4. Rada również postanawia ożywić dyplomację klimatyczną UE i utrzymać zmianę klimatu jako strategiczny priorytet dialogów dyplomatycznych, uwzględniając rozwój wydarzeń i zmieniający się krajobraz geopolityczny. Rada zachęca unijną sieć zielonej dyplomacji do jak najszybszej aktualizacji obecnego planu działania na rzecz dyplomacji klimatycznej, z myślą o realizacji tych konkluzji Rady w latach 2017–2018.

6. Rada podkreśla również pozytywne skutki gospodarcze przechodzenia na niskoemisyjne gospodarki, jakie odczują unijne podmioty gospodarcze oraz podmioty gospodarcze z państw trzecich na całym świecie; podkreśla również znaczenie wzmacniania efektywności energetycznej oraz energii odnawialnej, by zapewnić powszechny dostęp do zrównoważonej energii.
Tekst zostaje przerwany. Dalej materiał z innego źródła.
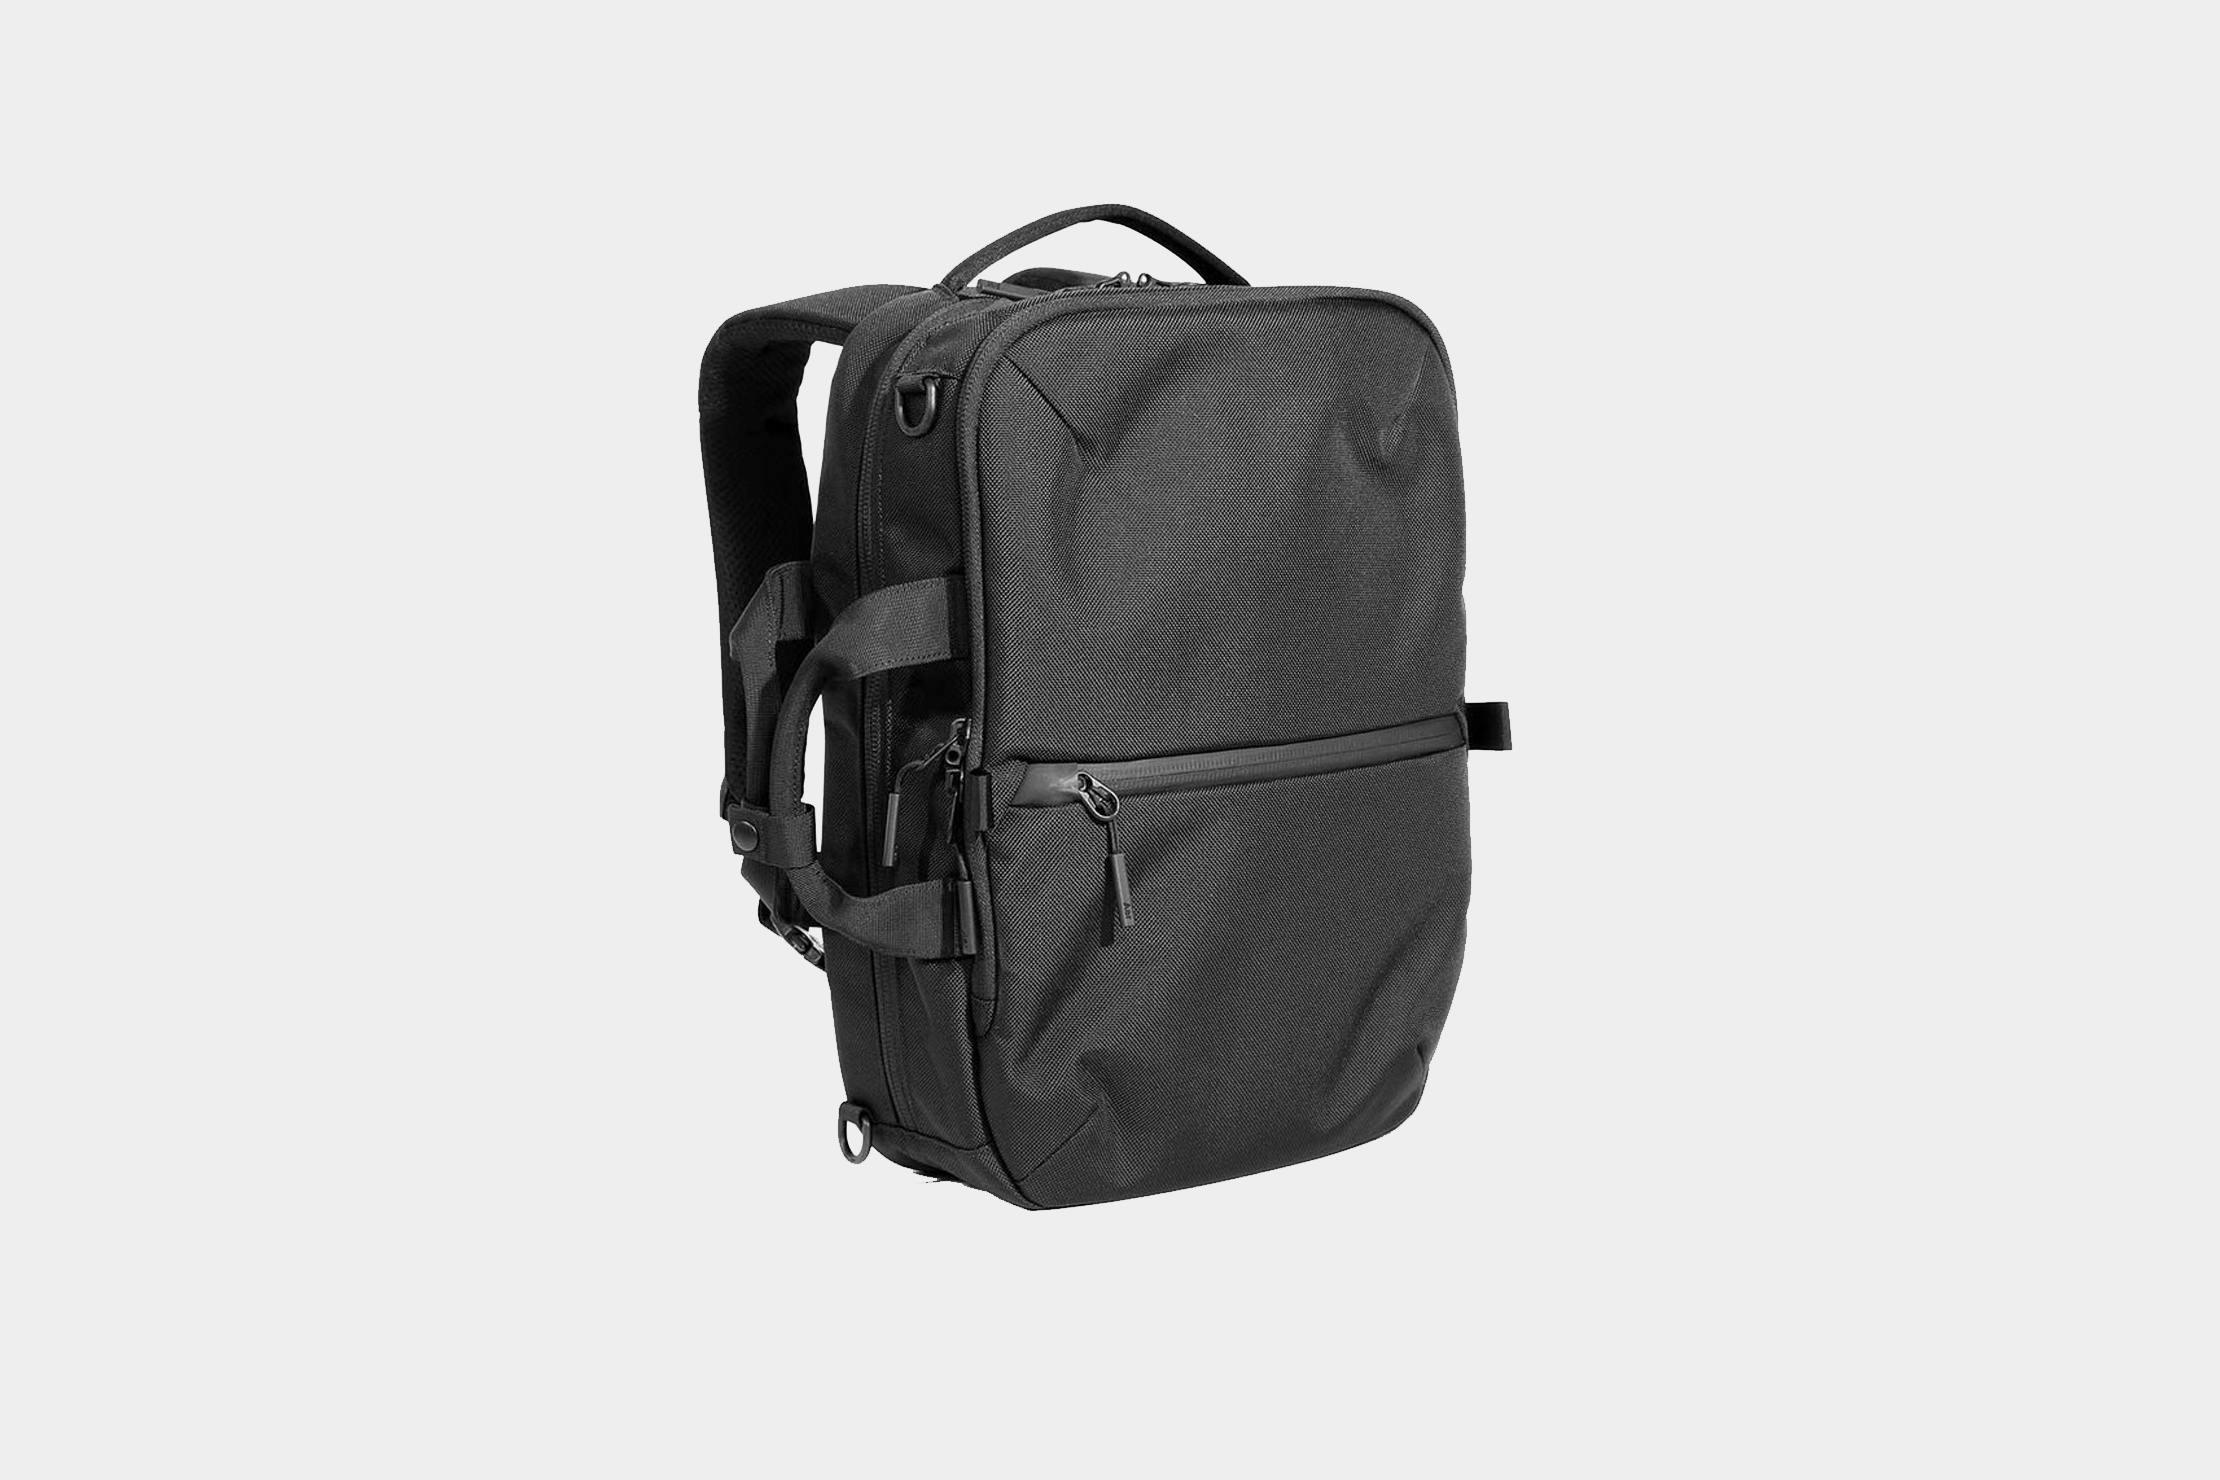 Aer Flight Pack Travel Backpack Review | Pack Hacker

8. Rada potwierdza znaczenie dyplomacji energetycznej wspierającej starania na rzecz zapewnienia energii, która będzie zrównoważona, konkurencyjna, bezpieczna, zabezpieczona i przystępna cenowo pod względem zróżnicowania źródeł, dostawców i szlaków, a także powszechnego dostępu do zrównoważonej energii, kierując się celami unii energetycznej zgodnie z jej wymiarem zewnętrznym, a także stosunkami z państwami trzecimi w oparciu o zasadę równych szans. (…) Rada wskazuje także, w jaki sposób przejście na czystą energię zwiększa możliwości gospodarcze, bezpieczeństwo energetyczne, bezpieczeństwo klimatyczne, dobrobyt oraz odporność państw i społeczeństw.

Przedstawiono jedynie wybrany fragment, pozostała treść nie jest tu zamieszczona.